**YOUR GOAL:** Without the pictures, can you quote each line below exactly?

**DATA EXTRACT:**
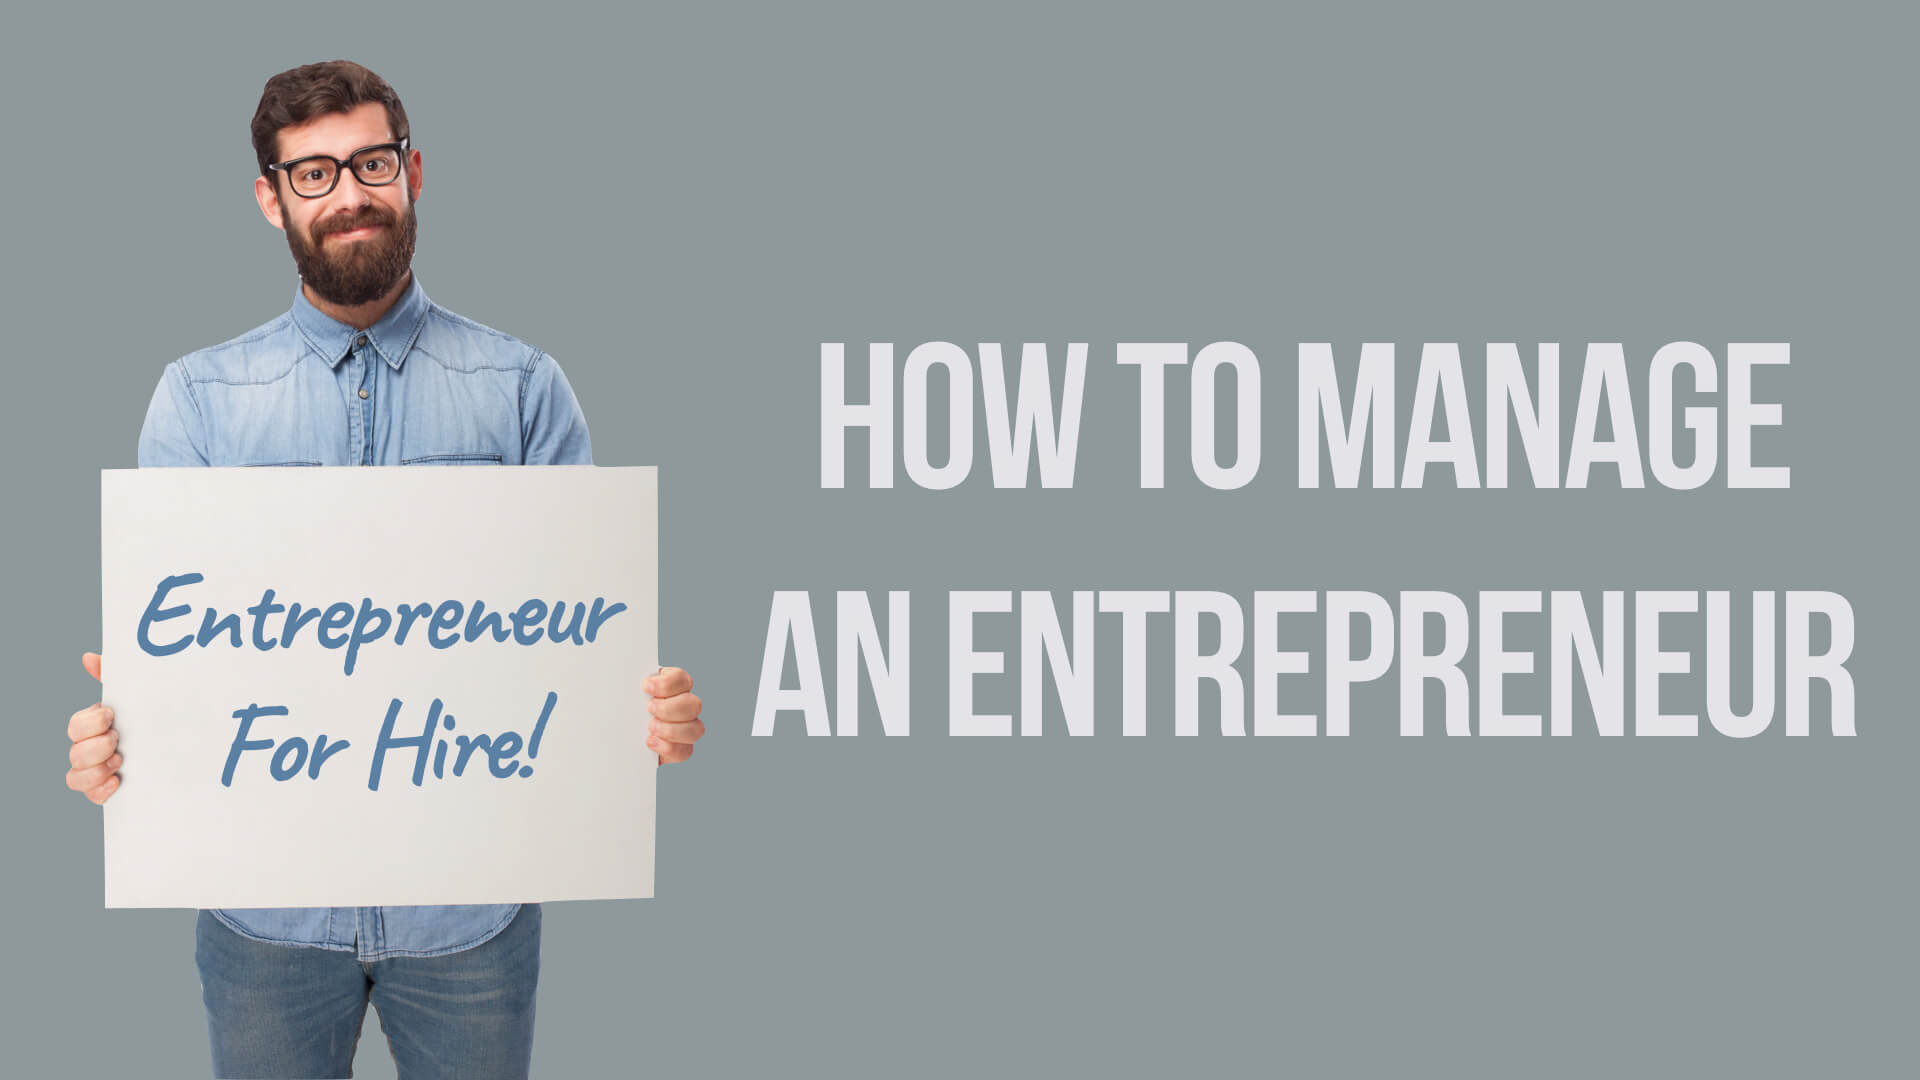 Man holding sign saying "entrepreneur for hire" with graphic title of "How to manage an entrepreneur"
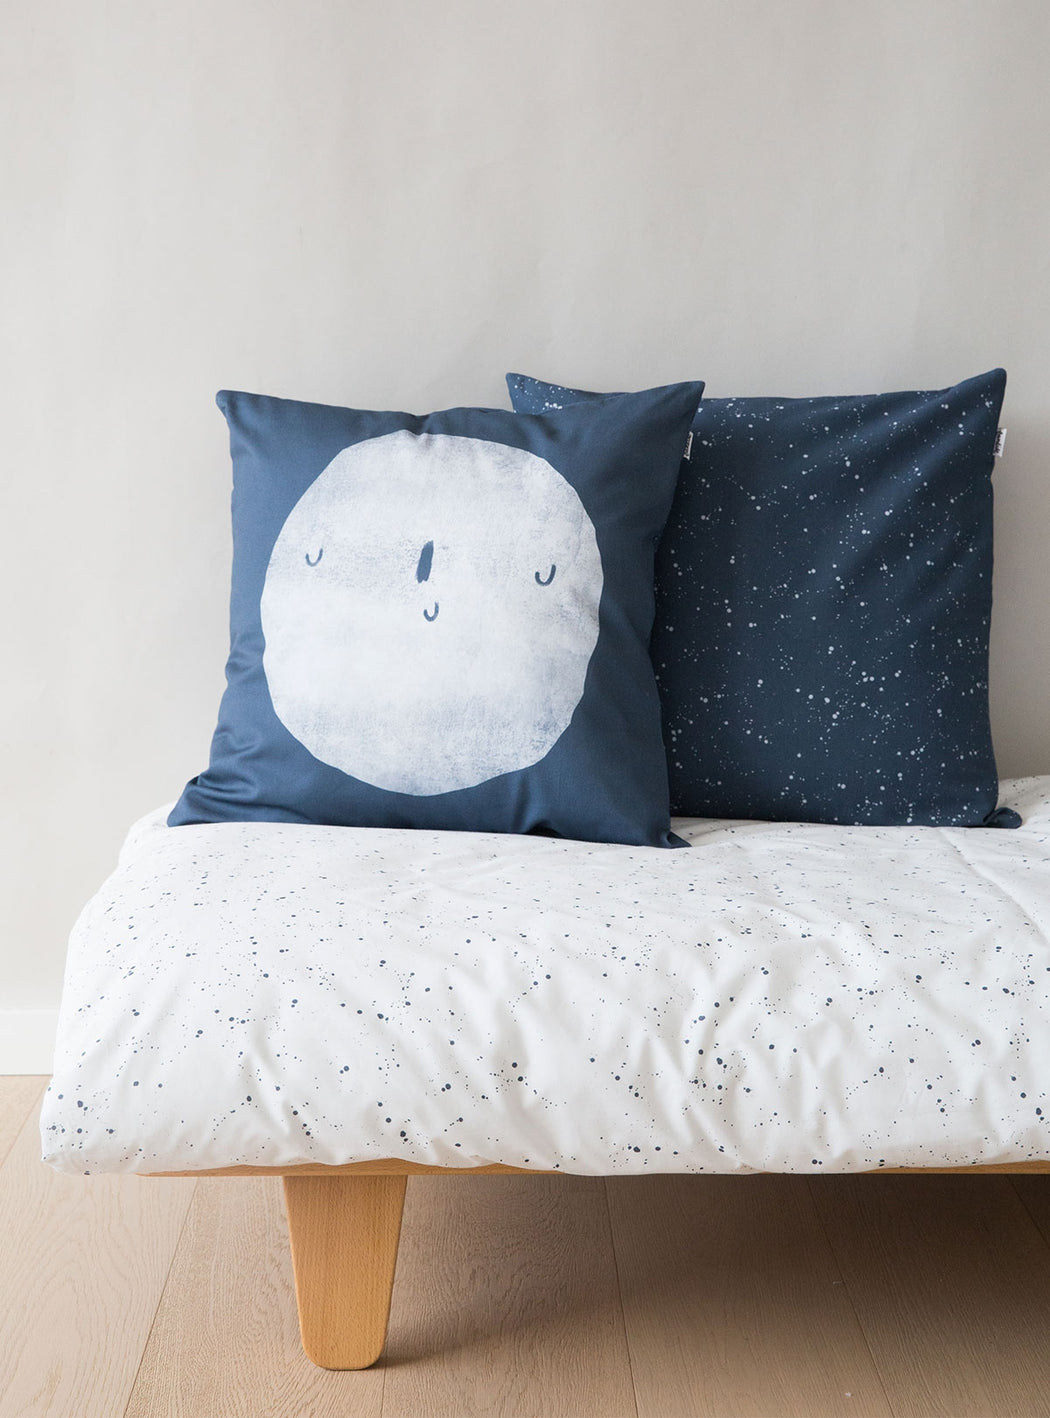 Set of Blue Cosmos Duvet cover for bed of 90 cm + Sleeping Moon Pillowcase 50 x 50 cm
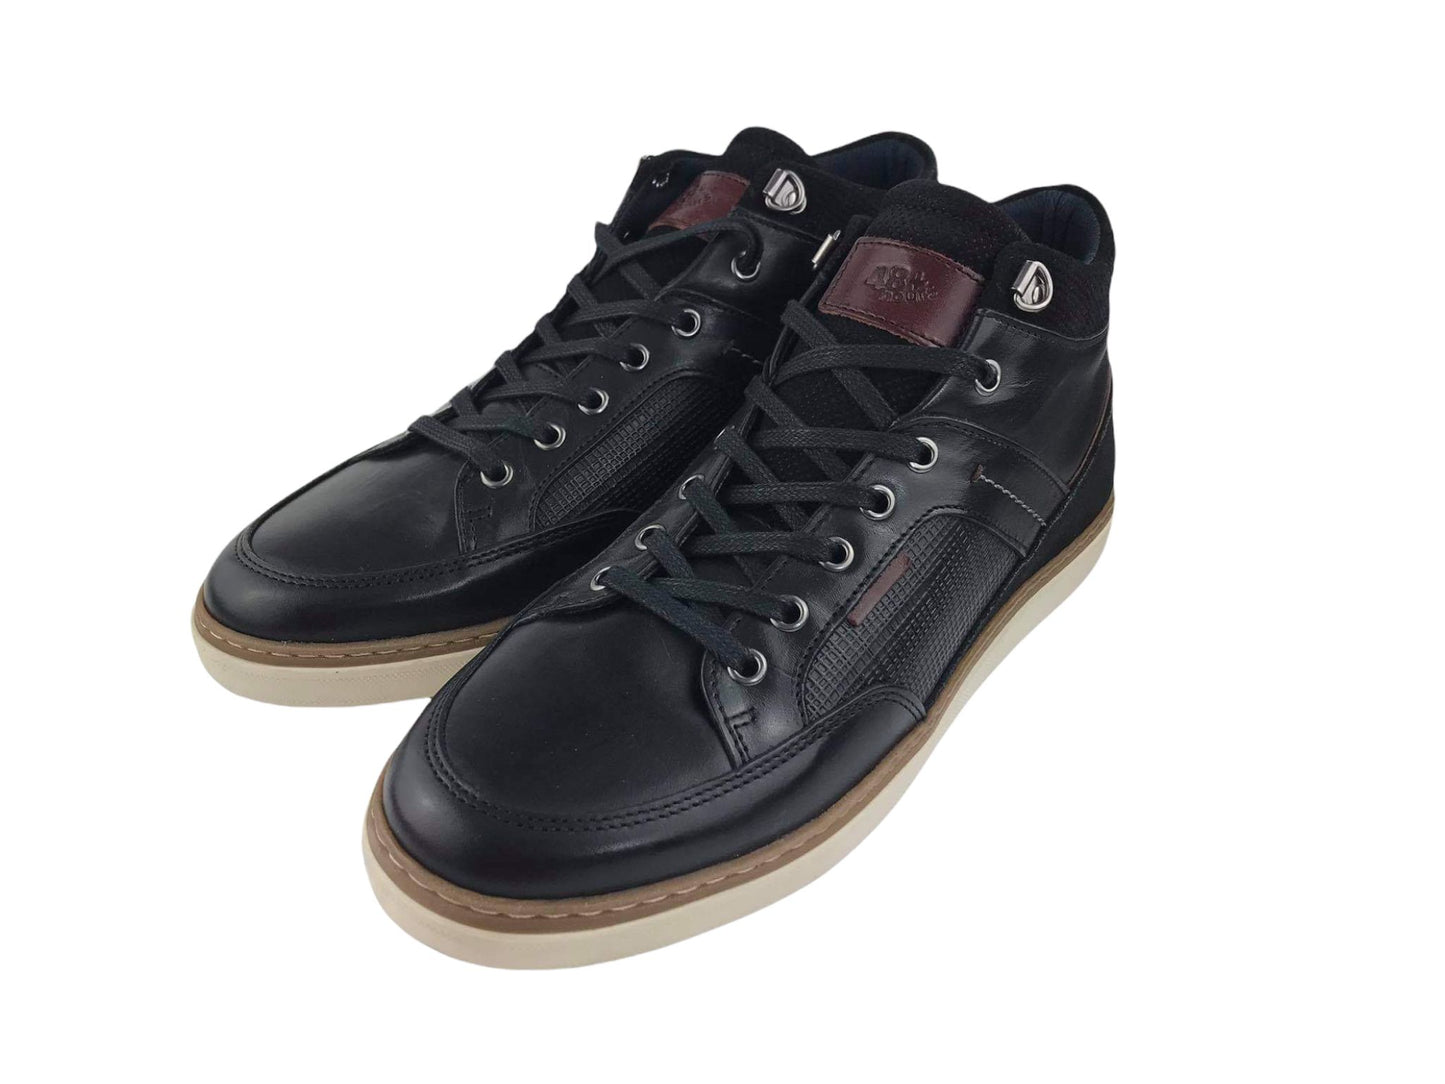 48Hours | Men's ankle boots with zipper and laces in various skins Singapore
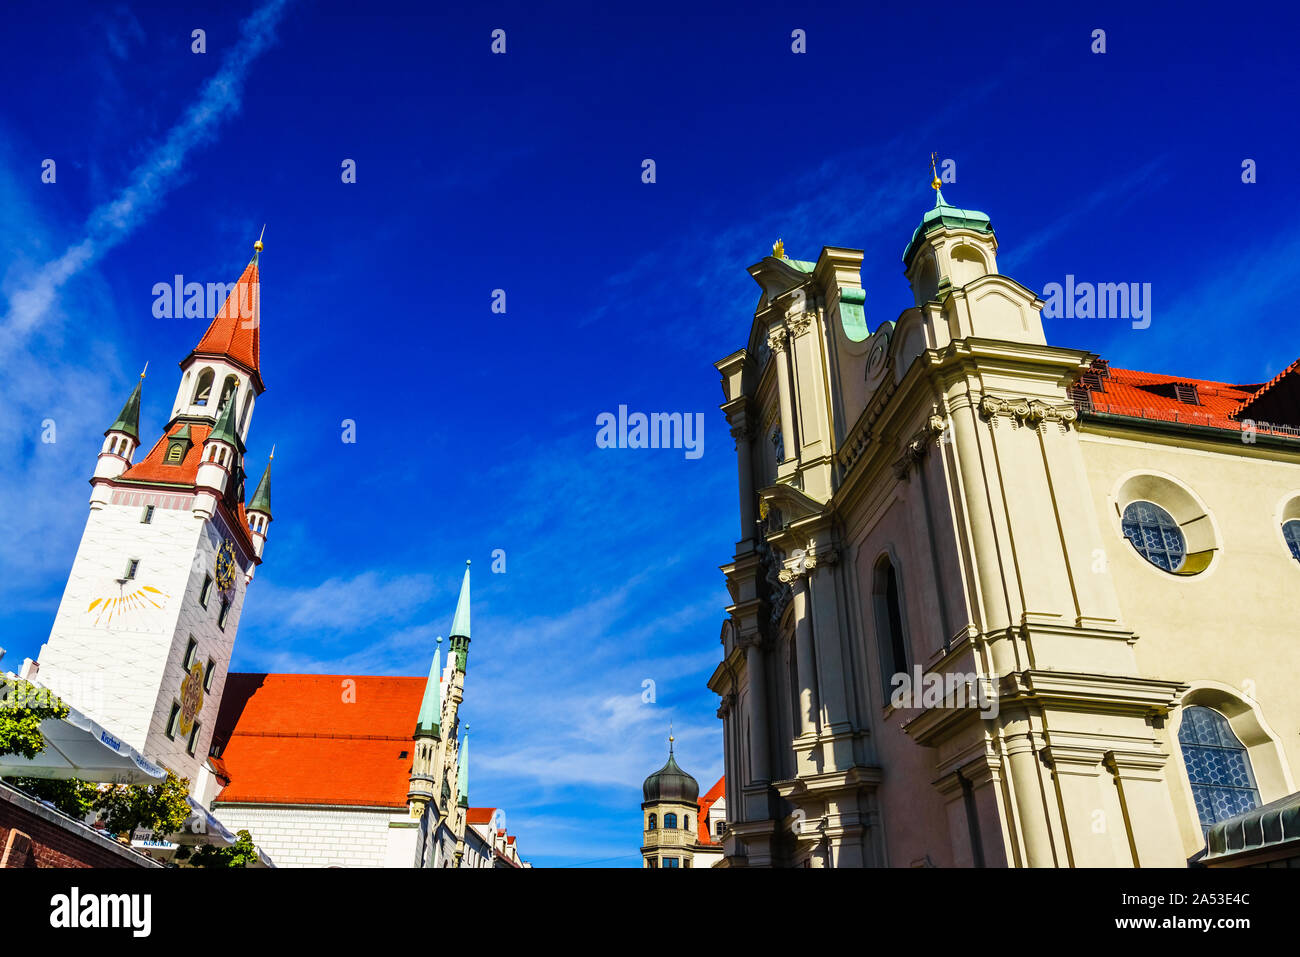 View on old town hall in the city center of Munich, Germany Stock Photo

**ANSWER TO THIS EXERCISE:**
 Man holding sign saying "entrepreneur for hire" with graphic title of "How to manage an entrepreneur"
 Set of Blue Cosmos Duvet cover for bed of 90 cm + Sleeping Moon Pillowcase 50 x 50 cm
 48Hours | Men's ankle boots with zipper and laces in various skins Singapore
 View on old town hall in the city center of Munich, Germany Stock Photo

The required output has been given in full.